Modified: July 13, 2013 7:56 AM
Why a new phone trumps GM's $200 map
Three years ago, I bought a car with an in-dash navigation system.
I hate it.
I got it mainly because I preferred the touch screen to the ugly standard audio system that Chevrolet offered at the time. Plus, it came as part of a reasonably priced package that included other things I wanted.
But I hate it.
It obnoxiously locks out many functions when the car is moving in a misguided attempt at safety, meaning you have to pull over to enter a destination even if there's a passenger who could do it for you. It takes forever to page through the different menus and either input an address or search through the points of interest, which may or may not include whatever you're trying to find.
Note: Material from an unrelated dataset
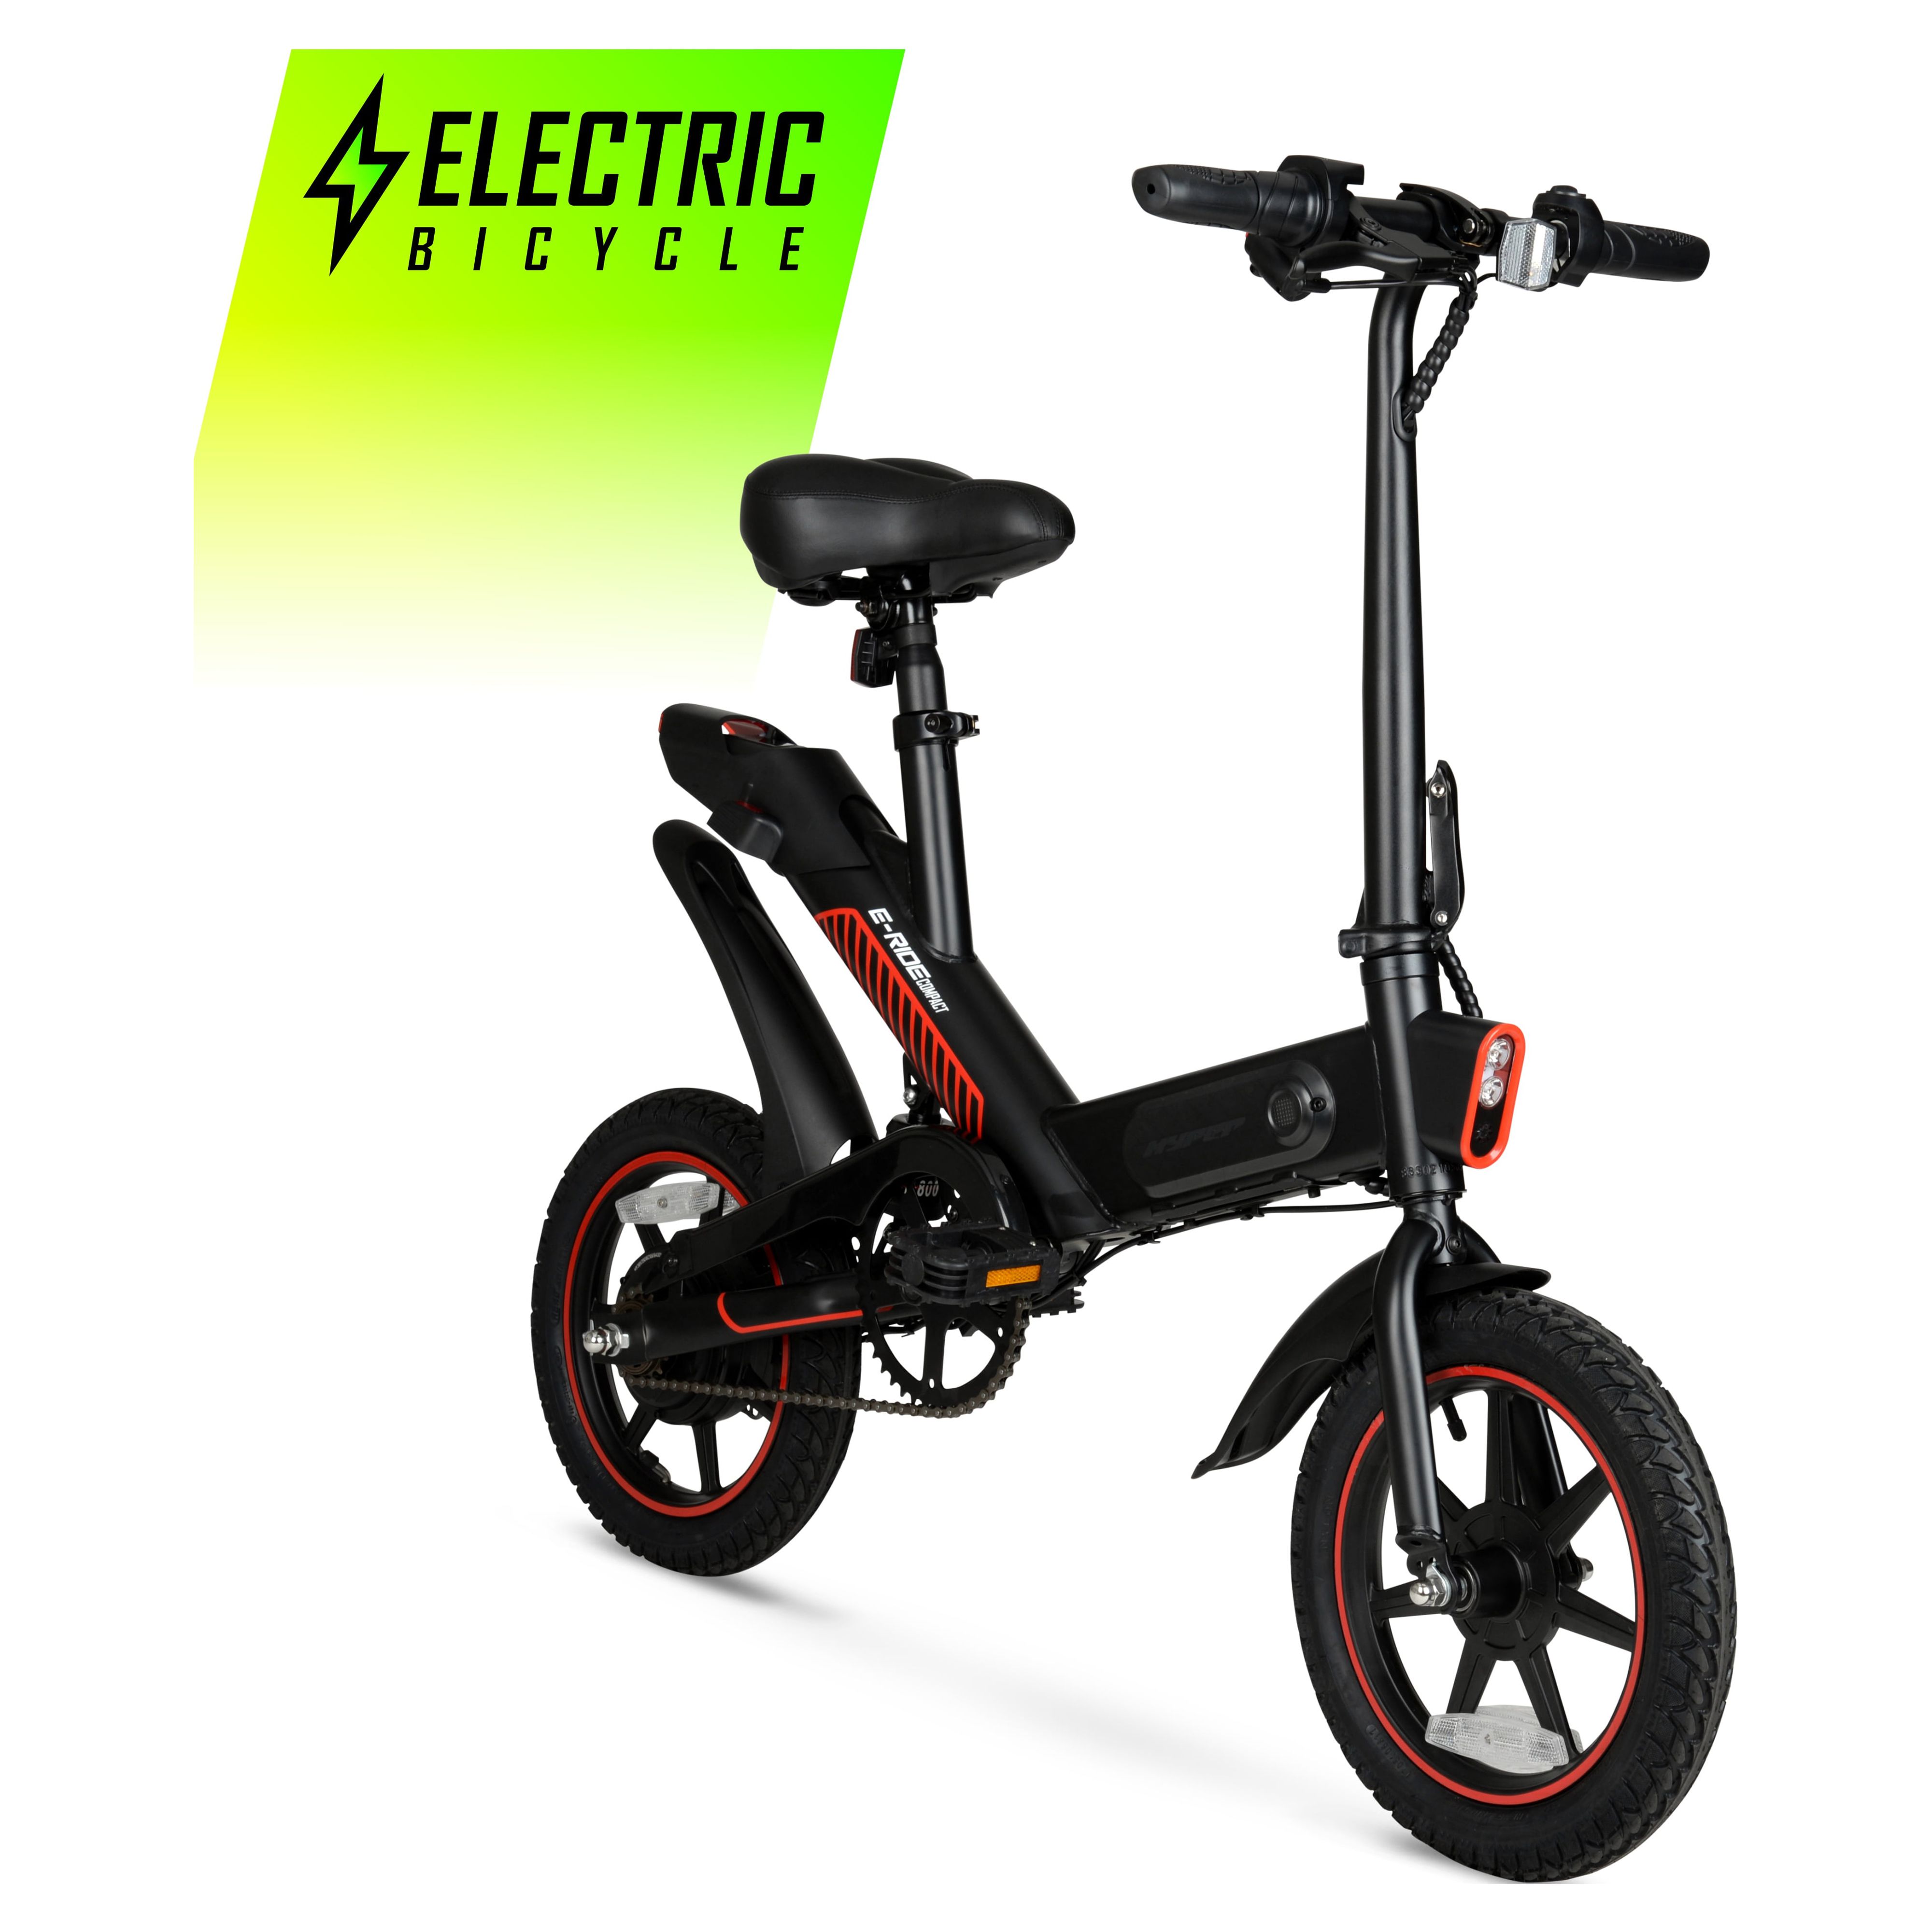 Hyper Bicycles 14" 36V Foldable Compact Electric Bike w/Throttle, 350W Motor, Recommended Ages 14 years and up - image 3 of 20

And, at least on my unit, the screen's touch sensor is misaligned just enough so that most times when I try to zoom in, it instead saves the current location to the address book. The dozens of randomly located "pushpins" that have accumulated serve as a monument to my frustration.
Most laughably, General Motors demands $200 to update the thing with new maps. That is, coincidentally, the same price Apple charges for each new version of the iPhone when it comes out. I know which one I'd rather spend $200 on.
Whenever I need to find an unfamiliar location, I ignore the in-dash screen and pull out my iPhone. The Google Maps app on the iPhone is incredibly easy to use, always up-to-date and a wealth of quickly searchable information. Google is even rolling out a free upgrade to the app this month.
GM's chief technology officer for OnStar, Tim Nixon, told Bloomberg News that even his own sons used their iPhones rather than the in-dash screen.
"We've historically had these onboard embedded nav systems," Nixon told Bloomberg. "That's just not going to cut it anymore. The game has changed and the bar has been raised by these always-connected devices that bring fresh information into the car."
The auto industry is still struggling with how to keep up with the rapid advances in technology that can make parts of a 3-year-old car obsolete. GM and other automakers have made substantial improvements to their navigation and infotainment systems since I bought my car, but most still have a long way to go before matching what a smartphone offers.
Chevrolet now offers MyLink, which lets drivers access some functions of their phones through the in-dash touch screen. But while new buyers can get MyLink to display their phone's navigation app on its screen for $50, GM is still trying to sell $200 map discs to those of us with previous-generation models.
Sorry, GM. I don't need it. Besides, I already spent the money on a new iPhone.